«Уж моя-то дочь не хуже других, – подумала госпожа Хитати. – Если все выйдет так, как я задумала, она и супруге принца не уступит».
– Ах, вы не поверите, как беспокоилась я за судьбу дочери, – сказала она вслух, – но похоже, что теперь можно вздохнуть с облегчением. Когда она переедет в столицу, мне вряд ли придется бывать здесь, а ведь как хорошо, никуда не торопясь, поговорить о былых днях.
– Принято считать, что мое обличье не предвещает ничего доброго, поэтому я не смела докучать вашей дочери своим присутствием, и мы почти не сообщались. Но как же мне будет одиноко, когда она уедет! Конечно же, я понимаю, что ей не место в этой глуши, и рада, что она будет жить в столице… Господин Дайсё – человек редких достоинств. К тому же его связывает с вашей дочерью не мимолетная прихоть, а глубокое чувство, иначе он вряд ли стал бы ее разыскивать. Впрочем, все это я уже говорила вам раньше, и вы знаете, что это правда.
– Да, видя, как он добр к ней, я неизменно вспоминаю о вас. Ведь именно благодаря вашему содействию… Разумеется, никто не знает, что случится в будущем, и все же… Супруга принца Хёбукё приняла в моей дочери большое участие, возможно даже большее, чем она того заслуживает, но у меня есть основания предполагать, что в доме на Второй линии ей грозит опасность, а мириться со столь неопределенным положением…
– Так, принц Хёбукё слишком любвеобилен, – улыбнулась монахиня. – Думаю, что молодым особам, обладающим чувствительной душой, нелегко служить в его доме. Вот и дочь госпожи Таю как-то жаловалась мне… Принц так хорош, что устоять просто невозможно, но вместе с тем никому не хочется навлекать на себя гнев госпожи.
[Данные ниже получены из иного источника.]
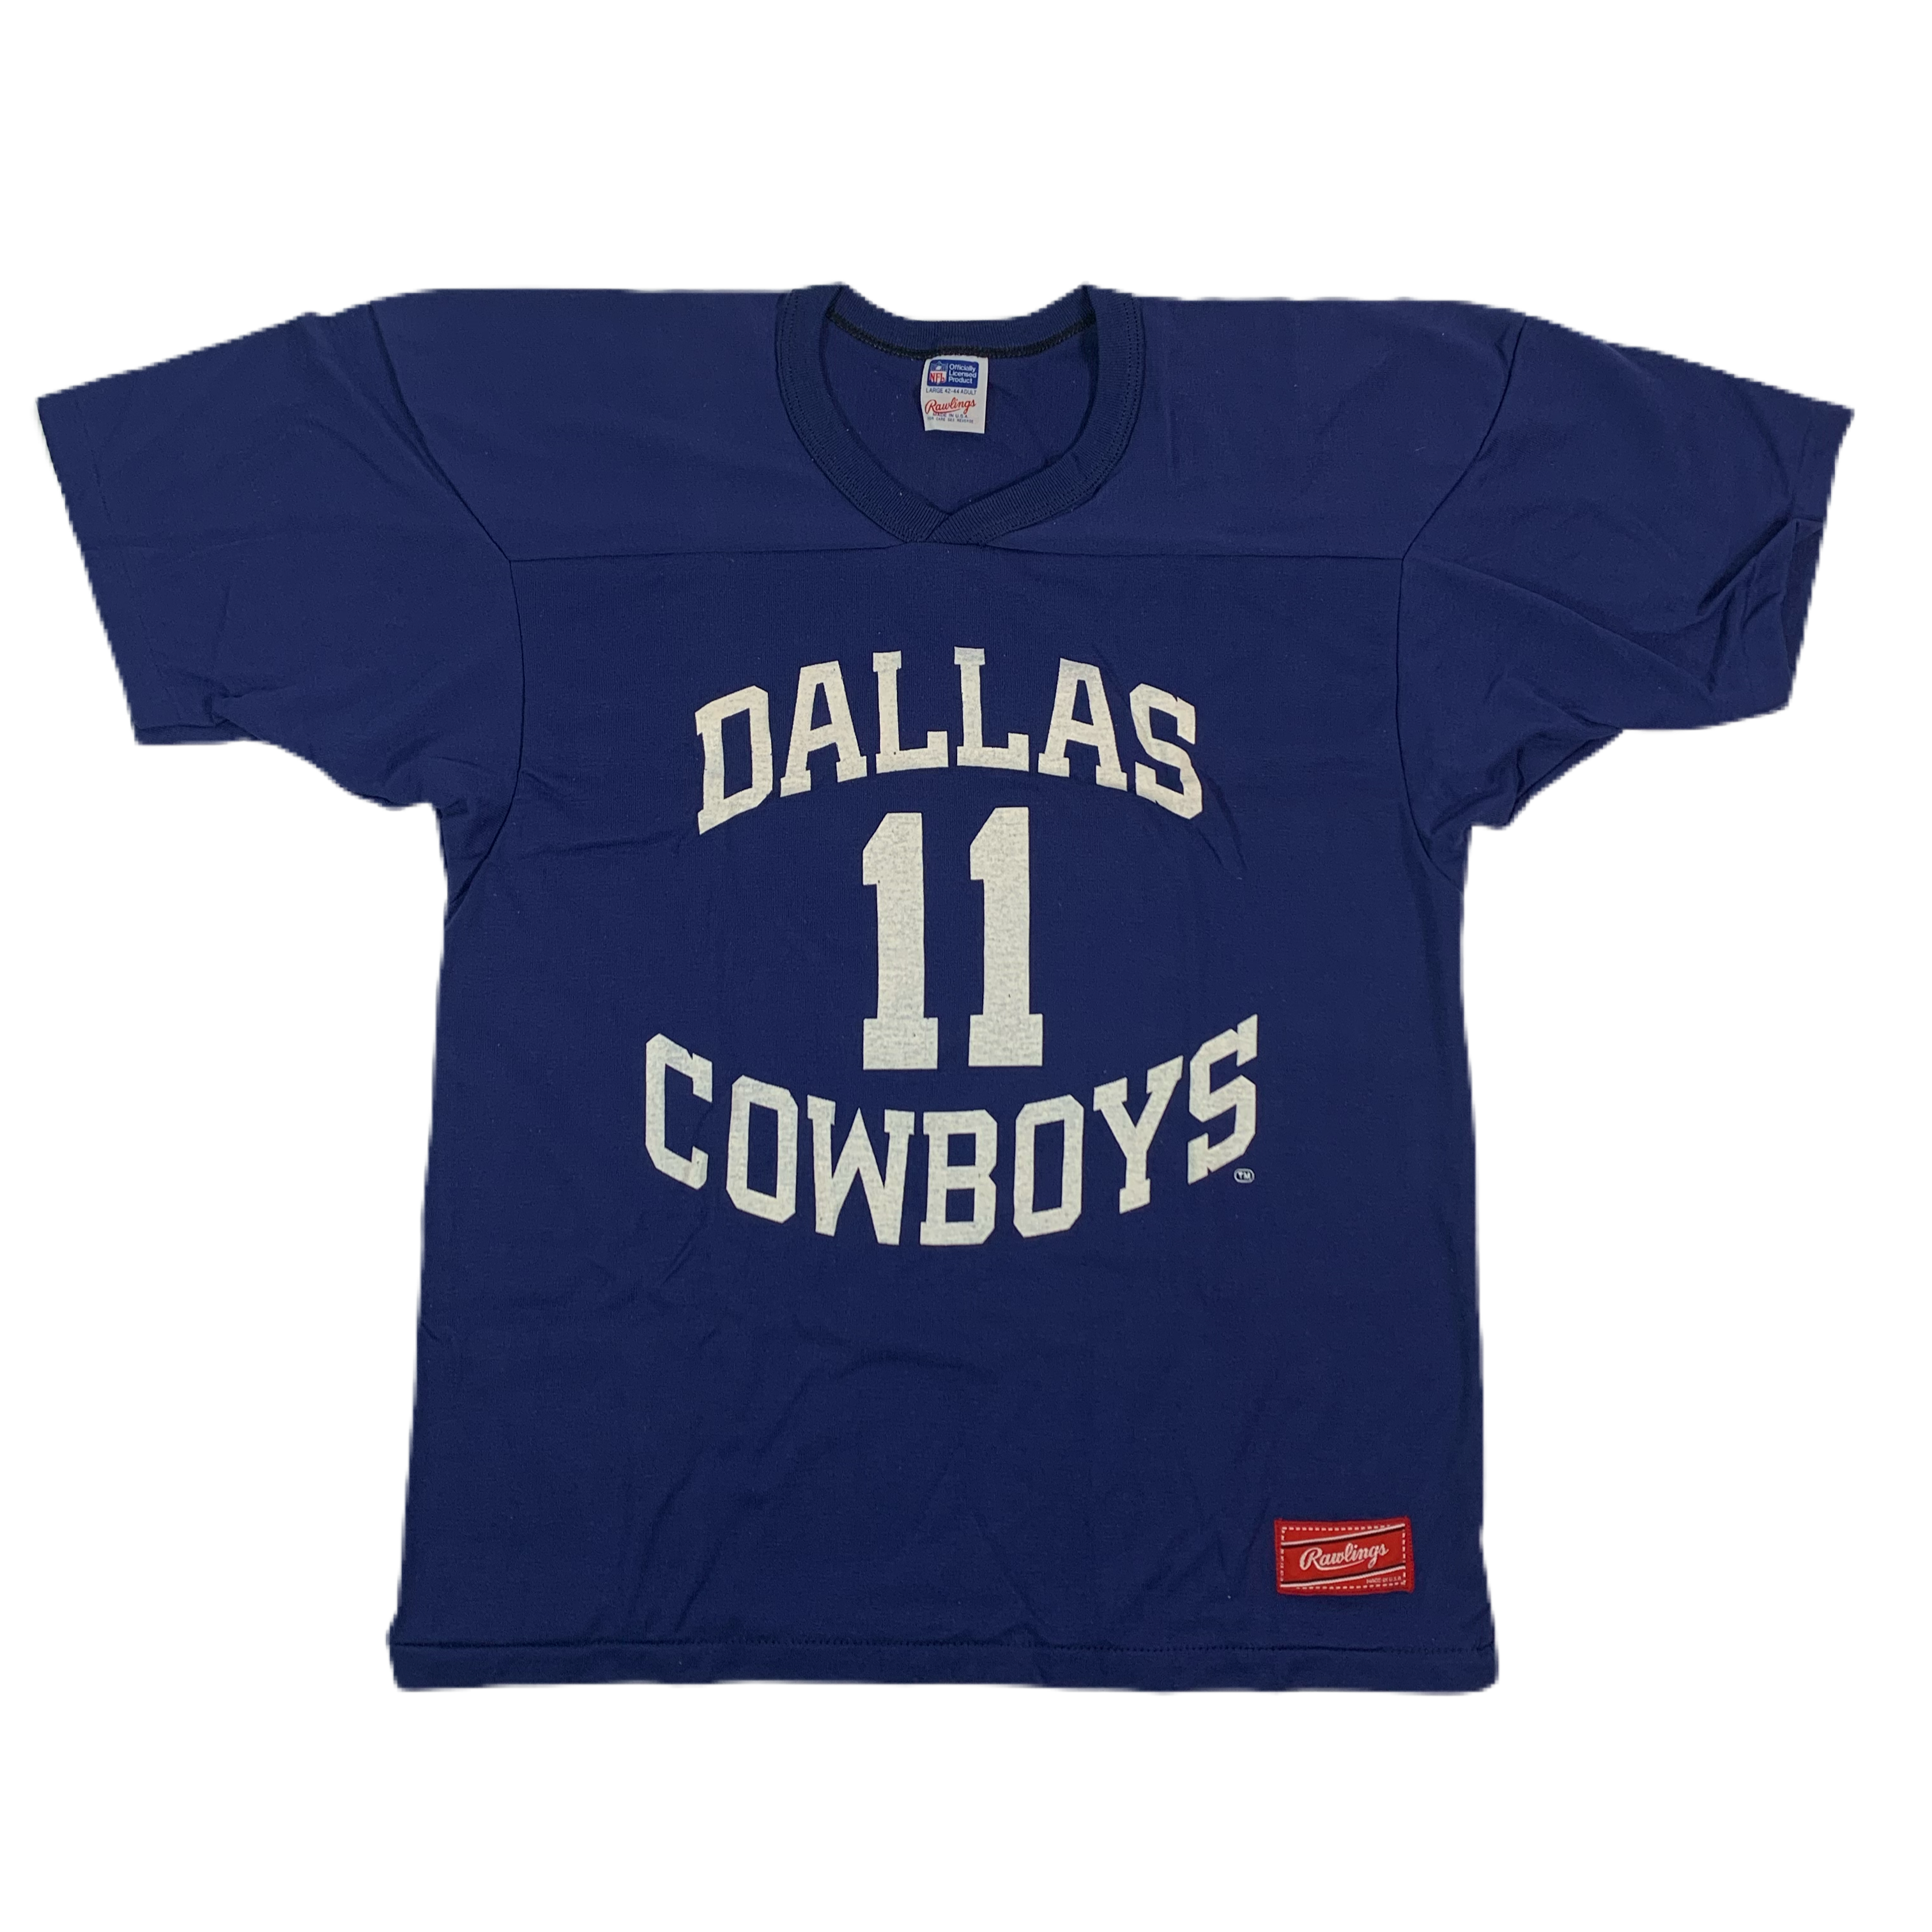 新品Dallas Cowboys チャンピオンシップ T シャツ サイズ2XL - トップス

Девушка лежала молча, прислушиваясь к их разговору. Интересно, что бы они сказали?..
– Да, положение непростое, – согласилась госпожа Хитати. – Господин Дайсё состоит в браке с дочерью самого Государя, но мы никак с ней не связаны, и, как бы ни сложилась судьба моей дочери, вряд ли кто-то станет сочувствовать ей. Боюсь, что мои слова могут показаться вам дерзкими, но я действительно так думаю. Поверьте, если бы моя дочь повела себя дурно, я запретила бы ей показываться мне на глаза, как ни тяжела была бы для меня разлука. Сердце девушки мучительно сжалось. «Лучше бы мне умереть! – подумала она. – Ведь раньше или позже, она непременно узнает…» Снаружи донесся грозный рев реки.
– Отроду' не видывала такой ужасной реки, – заметила госпожа Хитати. – И моя дочь должна влачить луны и годы в этом диком месте! Я уверена, что господин Дайсё чувствует себя виноватым, иначе и быть не может.
Весьма самонадеянная особа!
Дамы тут же заговорили о том, как быстра и опасна река Удзи.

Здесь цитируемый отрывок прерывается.